As the deadline nears to form a new government, a source involved in the negotiations says “only a miracle” would prevent a new election.
By World Israel News Staff
Just hours before the midnight deadline to inform the president that he has established a new government, Prime Minister Benjamin Netanyahu huddled with politicians who could be part of the new coalition and wondered what it would take to lure MK Avigdor Liberman to join and ensure a majority in parliament.
Liberman’s Israel Beiteinu party has five seats. If it does not join the government, the Netanyahu coalition would command only 60 seats in the 120-member Knesset.
“I don’t understand what Liberman is thinking,” the prime minister told the other MKs at the meeting, according to the Ynet website.
“He apparently has decided to stay out of the government and is dragging us all to an election,” said Netanyahu, according to the news outlet.
The Knesset on Wednesday afternoon was debating a bill to dissolve parliament just seven weeks after the April 9 election, and to call a snap election for September 17.

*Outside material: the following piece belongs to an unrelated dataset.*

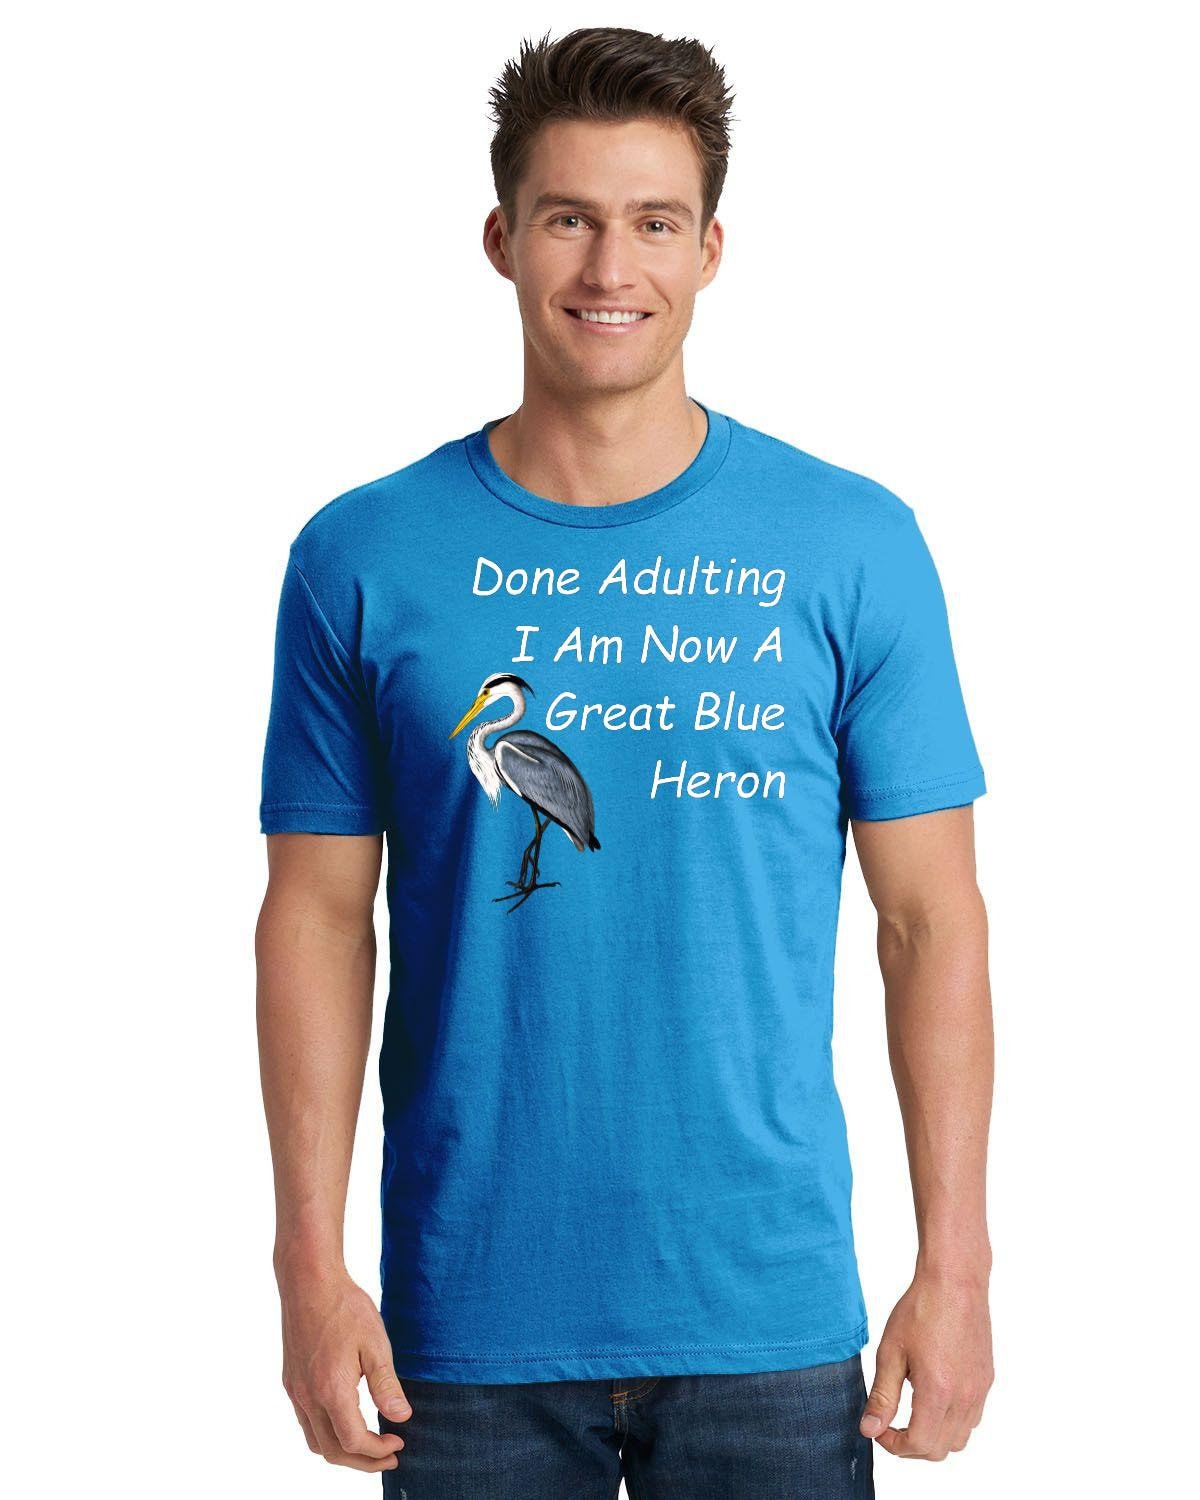 Done Adulting I am Now a Great Blue Heron Unisex Jersey Short Sleeve Tee Great Blue Heron Bird Watcher Birder Funny Quote

The legislation is aimed at preventing the president, Reuven Rivlin, from giving anyone else a chance to form a government once Netanyahu’s deadline passes.
The incumbent prime minister’s Likud party and the Blue and White faction headed by MK Benny Gantz each earned 35 seats in the April ballot, however parties totaling a majority of the Knesset, including Liberman’s party, told the president that they preferred Netanyahu.
“Only a miracle will prevent an election,” said a source involved in the coalition negotiations, according to Ynet.
Liberman argues that he is standing firm by his demand that a bill setting quotas on the enlistment of Haredi religious yeshiva students in the IDF pass during the term of the next government without any modifications to the wording of the current legislation.
“Even I, who have been in Israeli politics for many years and thought that I had seen it all, have been shocked over the past two days by the intensity of the pressures, the paranoia, and the speculation to which I have been exposed practically every minute,” Liberman wrote on Facebook.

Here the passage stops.